Sample classification

We implemented a two-step workflow described in a prior publication50. PAS was classified using regularized (L1) regression to define a restricted set of candidate CMP proteins from the superset of all identified proteins. To select our putative panel from the restricted set of candidate CMP proteins, we chose a cross-validation procedure using logistic regression. The logic of this workflow was adapted from that of Yoffe et al.53. The sample was randomly divided into a training and validation set (80% vs. 20%). The proteins in the training set were then ranked by their Akaike information criterion (AIC) using an ensemble feature selection procedure54. The top 10 proteins were then passed to the glmulti package in R version 3.6.3 where the training set was subjected to fivefold cross-validation55. To avoid overfitting, given the limited sample size, the model was restricted to no more than 5 predictors. The model with the greatest area under the curve (AUC) and the lowest standard deviation of the AUC was then tested against the set-aside, external validation set. The AUC and standard deviation of the AUC of this external validation set was then recorded and the workflow re-iterated for a total of 1000 iterations (Fig. S1). The models were then ranked by their mean AUC and mean standard deviation of the AUC. The workflow was then repeated with randomly permuted sample labels. Predictive statistics for the observed versus permuted data were then compared16,17.

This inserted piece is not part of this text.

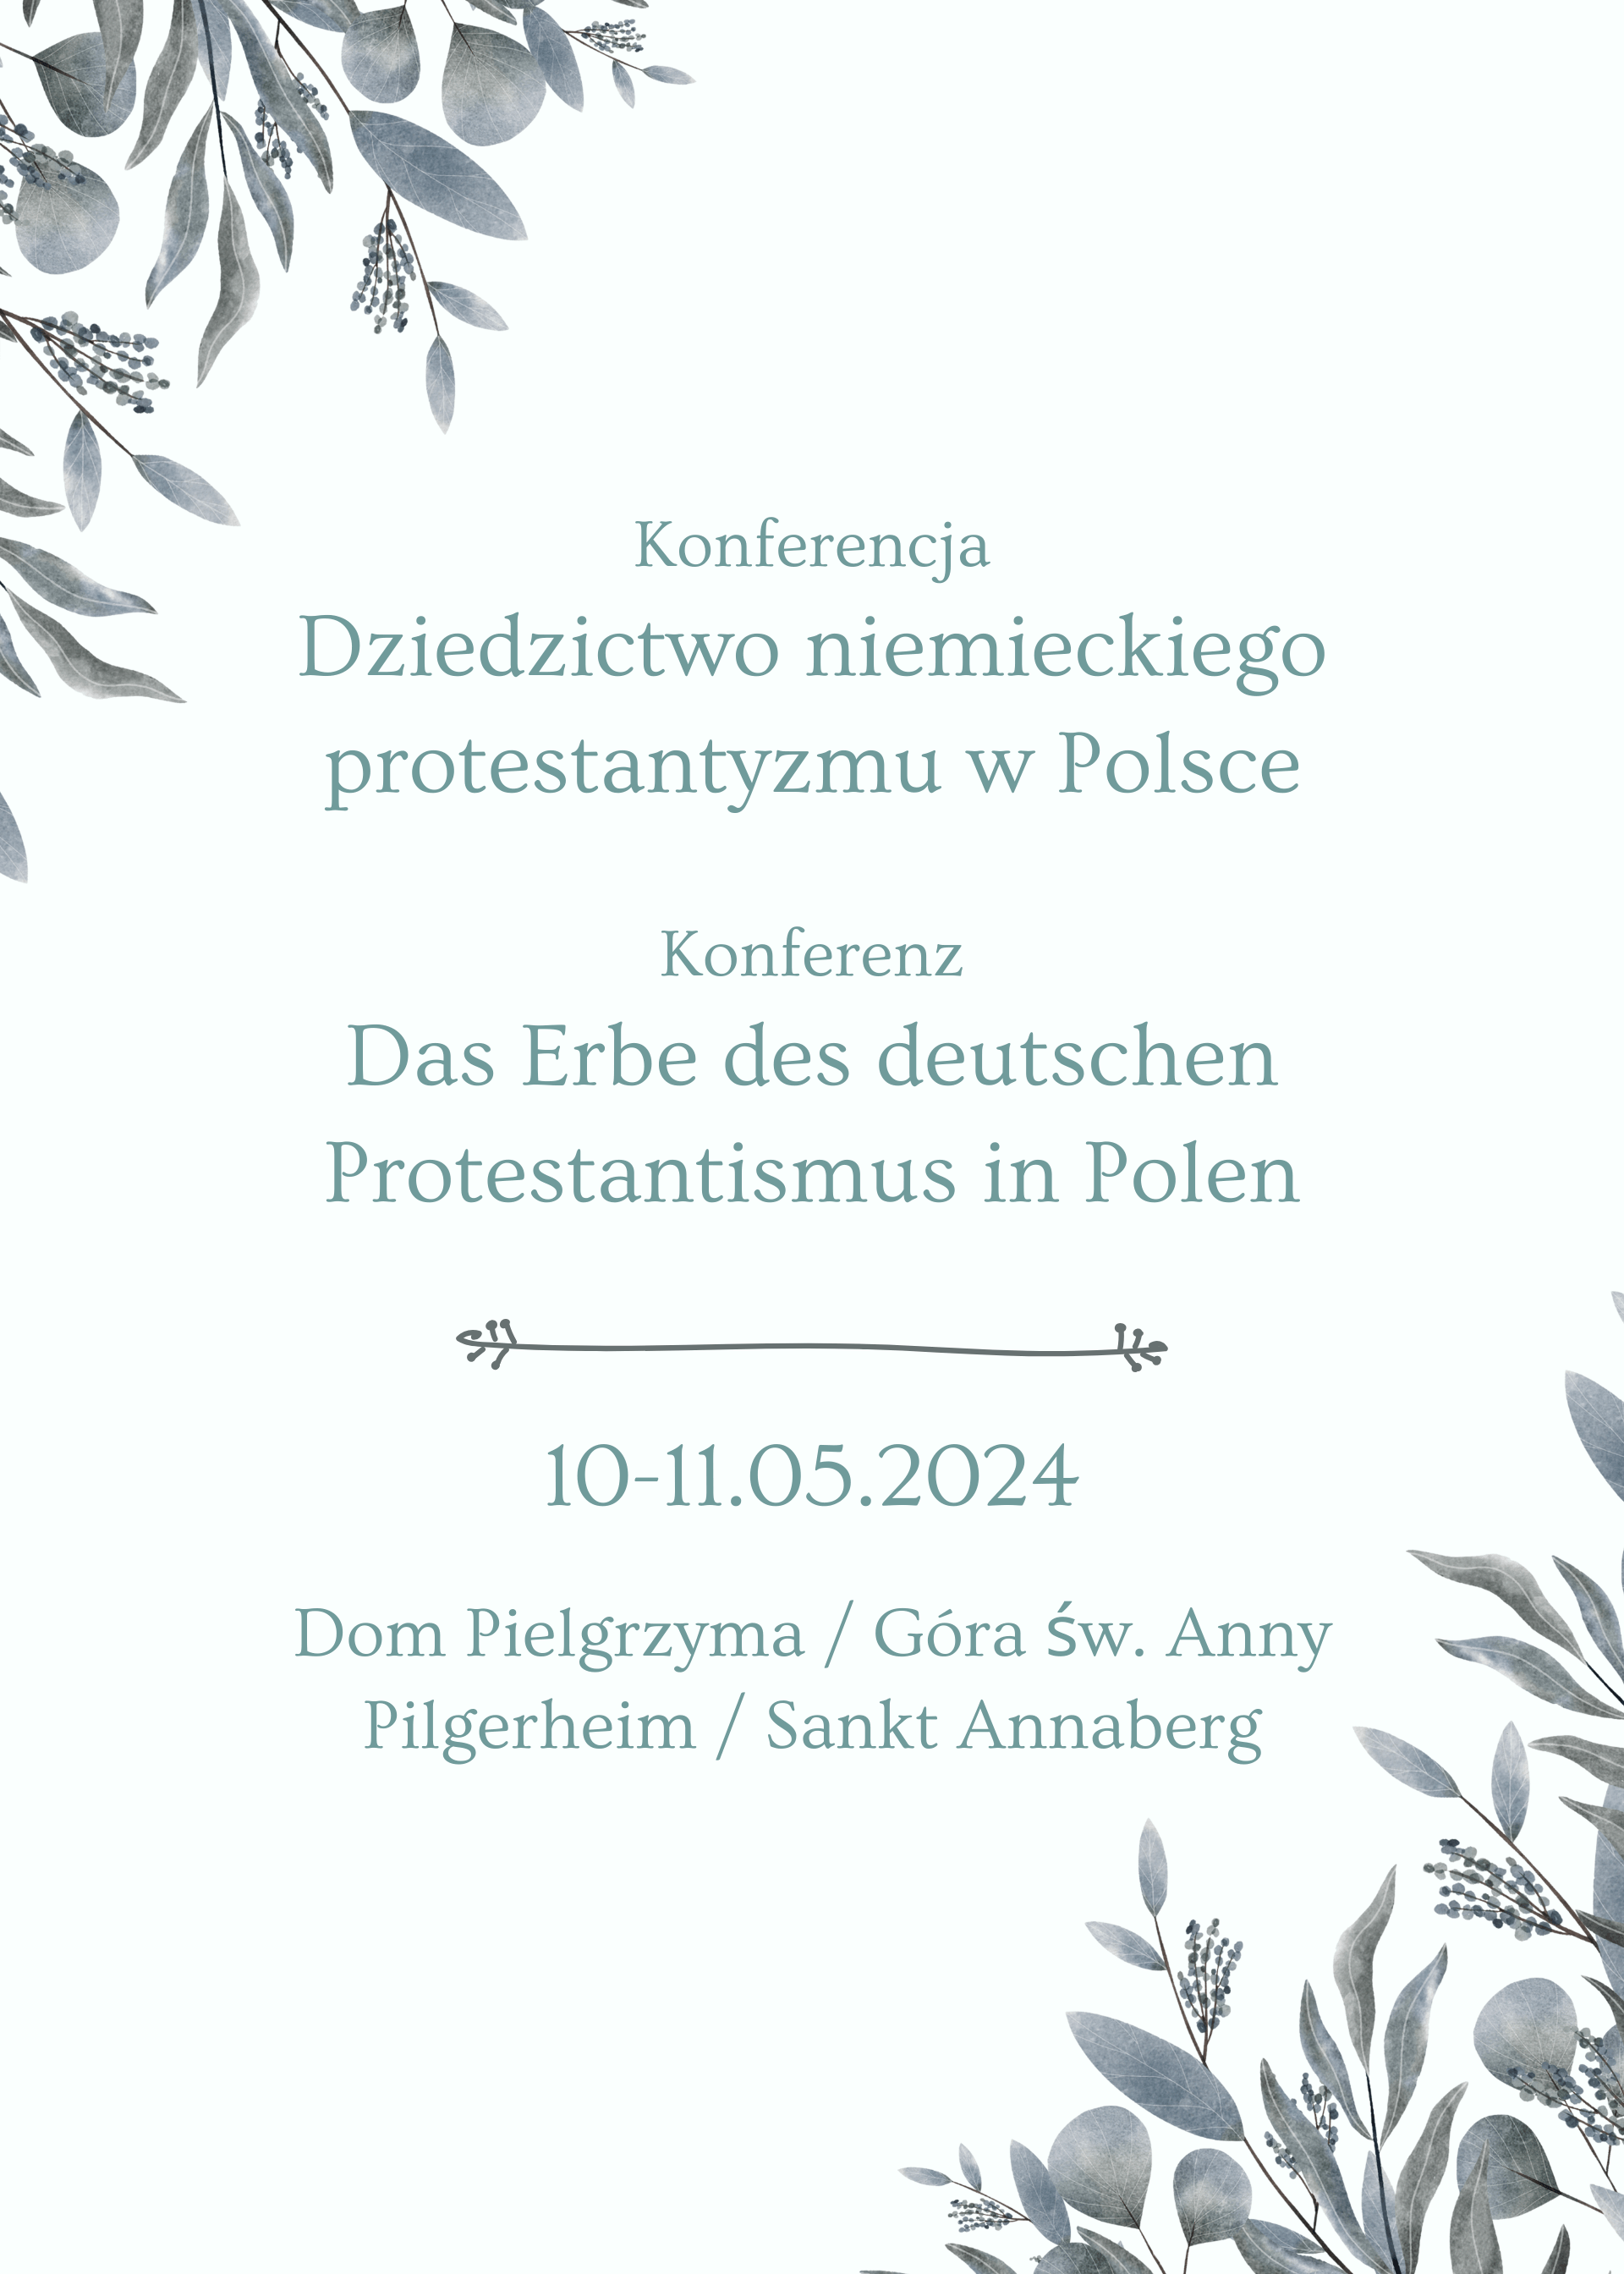 Einladung zur Konferenz „Das Erbe des deutschen Protestantismus in Polen“

Ingenuity pathway analysis

To determine the biological function of those proteins identified as differentially expressed by PAS status in our differential expression analysis, we also applied Ingenuity Pathway Analysis (IPA, version 01-20-04, run April of 2022). Core analysis with the Ingenuity Knowledge Base reference set was used. Direct and indirect relationships were considered for network and regulatory analyses. IPA is a curated bioinformatic repository of functionally annotated analytes which allows for functional annotation, canonical pathway and network analyses, and upstream regulator analysis. Significantly (P < 0.05) over-represented canonical pathways, upstream regulators, and molecular and cellular functions were identified. Only relevant pathways and biological functions containing two or more overlapping hits were included, while only upstream regulators with a predicted activation state (activated, inhibited) were included. Overlap ratios were calculated as the percent of overlap between differentially expressed proteins and the target pathway.